**About this exercise**
Take the lines from the one with "两个人类成年人使用庆祝或问候的常见手势，即两个人举起手臂拍打对方张开的手掌。" to the end of the listing, both ends included, and quote them exactly, leaving pictures out.

**Data**
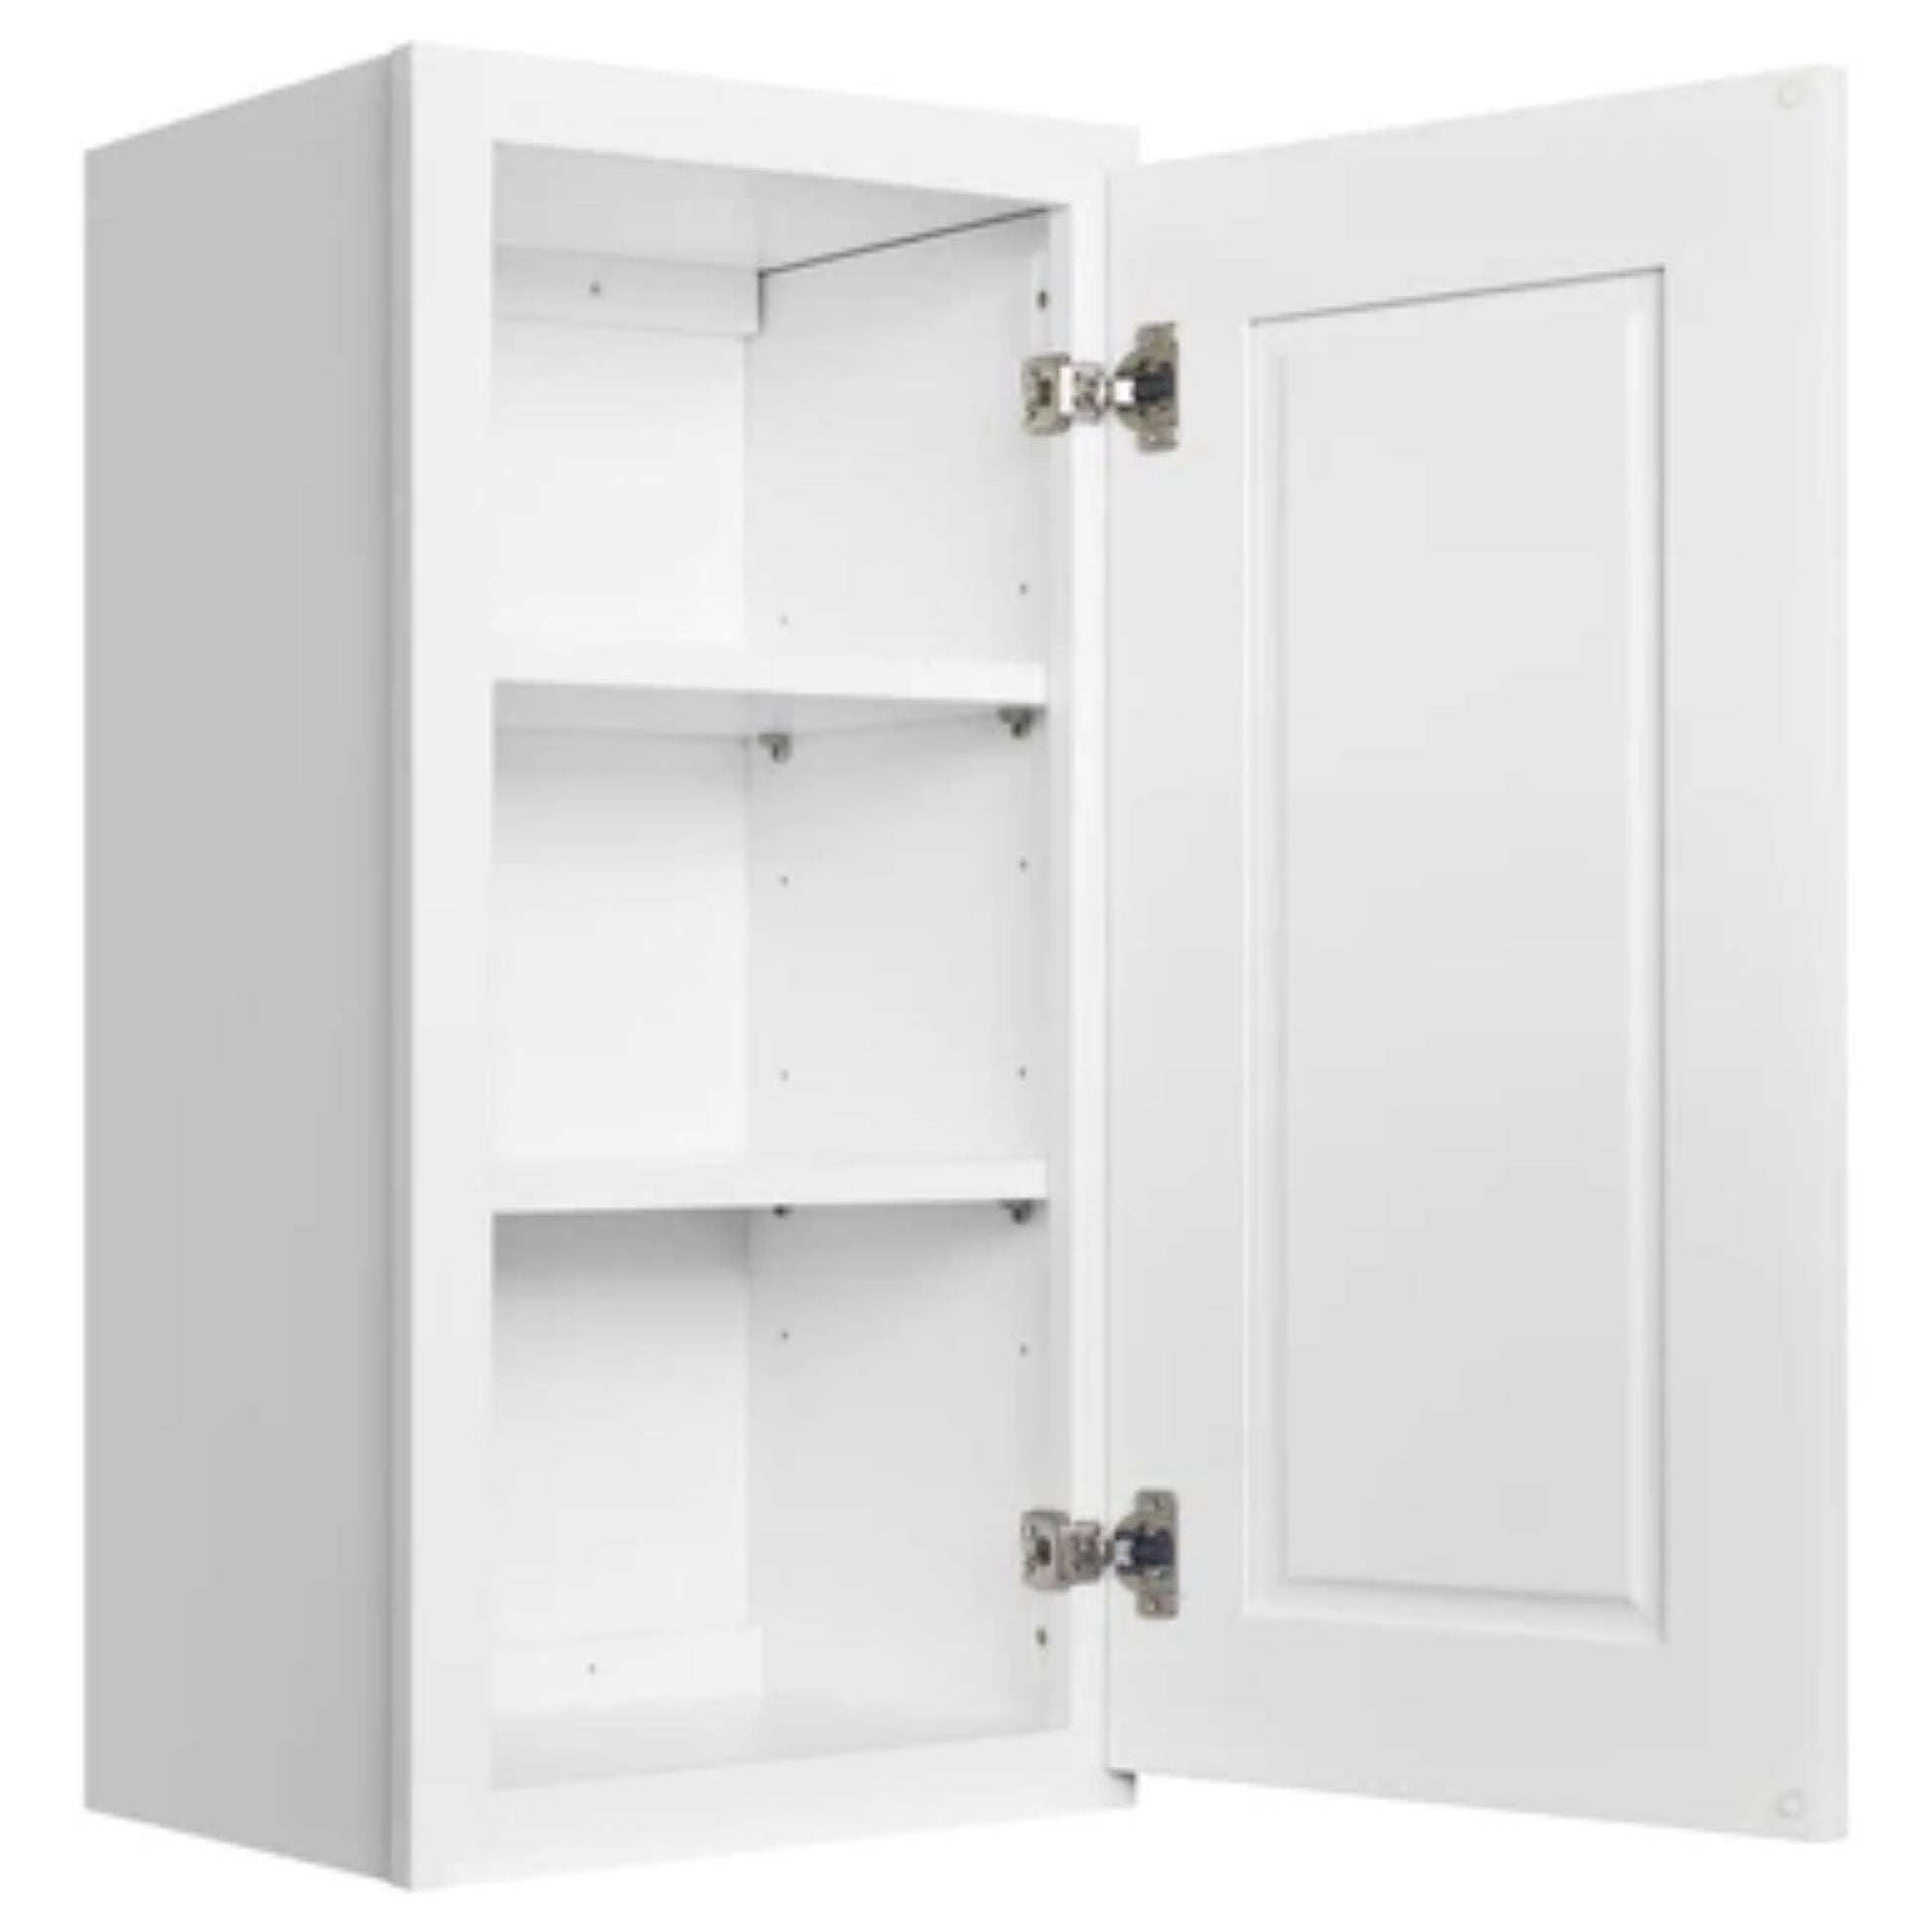 LessCare 33" x 36" x 12" Alpina White Wall Kitchen Cabinet - W3336
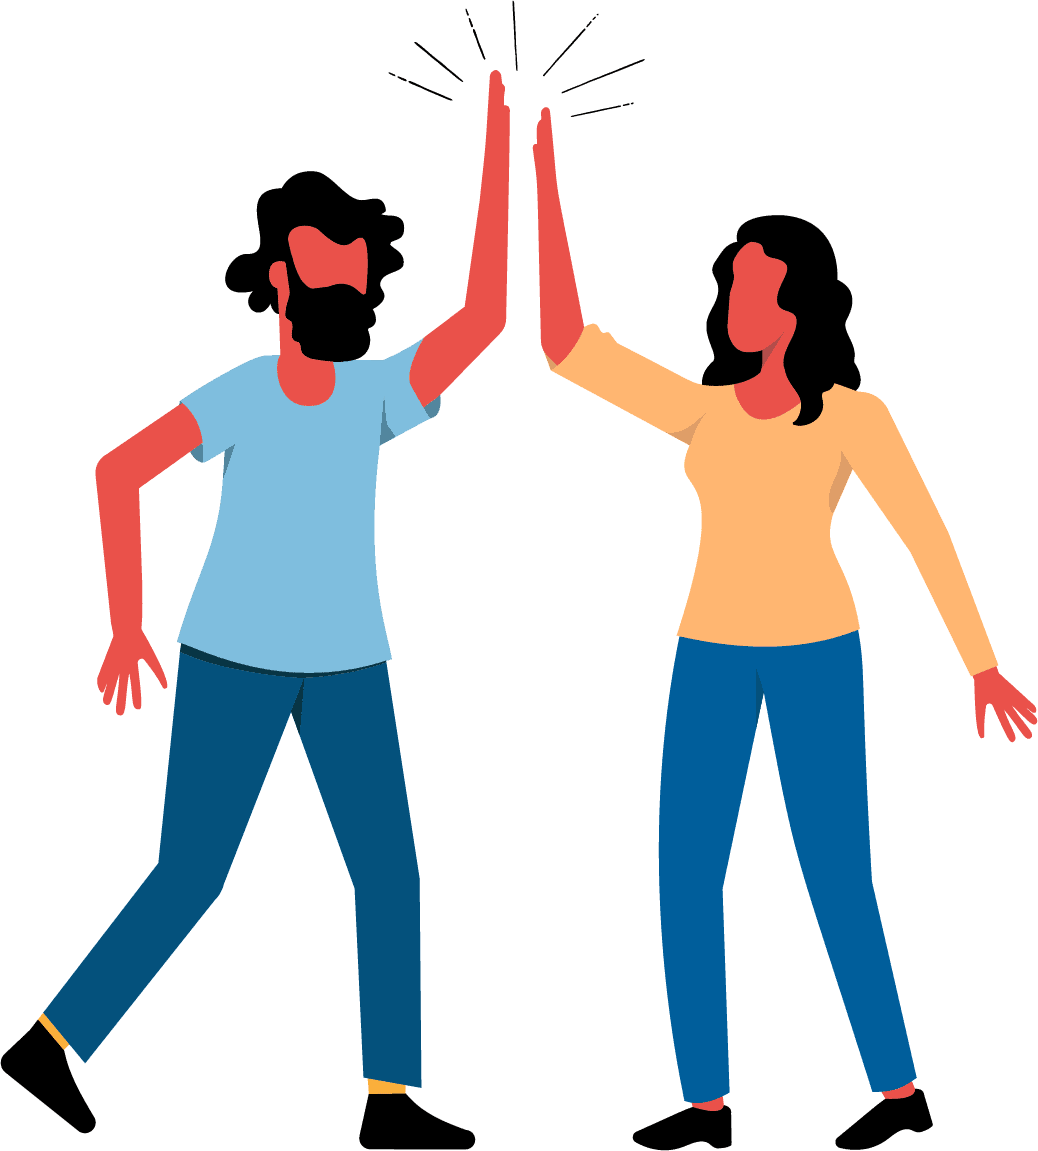 两个人类成年人使用庆祝或问候的常见手势，即两个人举起手臂拍打对方张开的手掌。
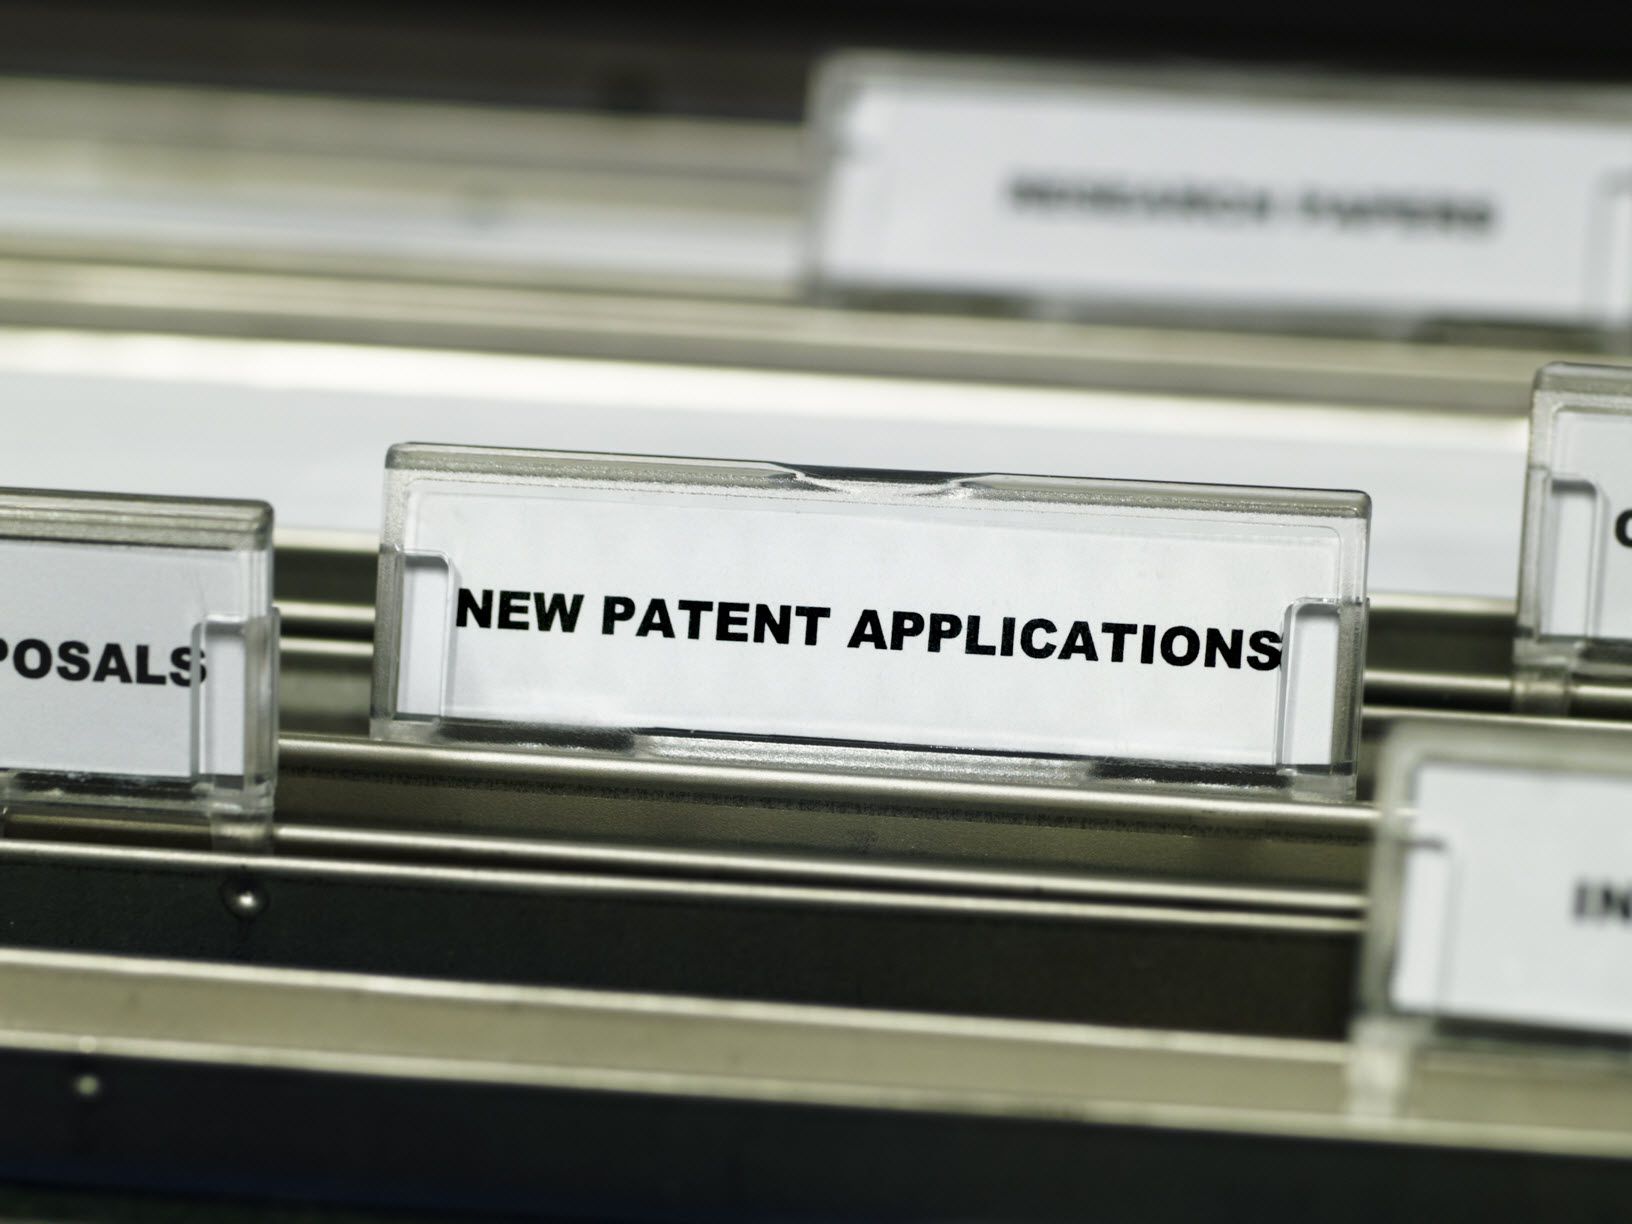 Nová složka souborů patentových přihlášek

**Worked solution**
 两个人类成年人使用庆祝或问候的常见手势，即两个人举起手臂拍打对方张开的手掌。
 Nová složka souborů patentových přihlášek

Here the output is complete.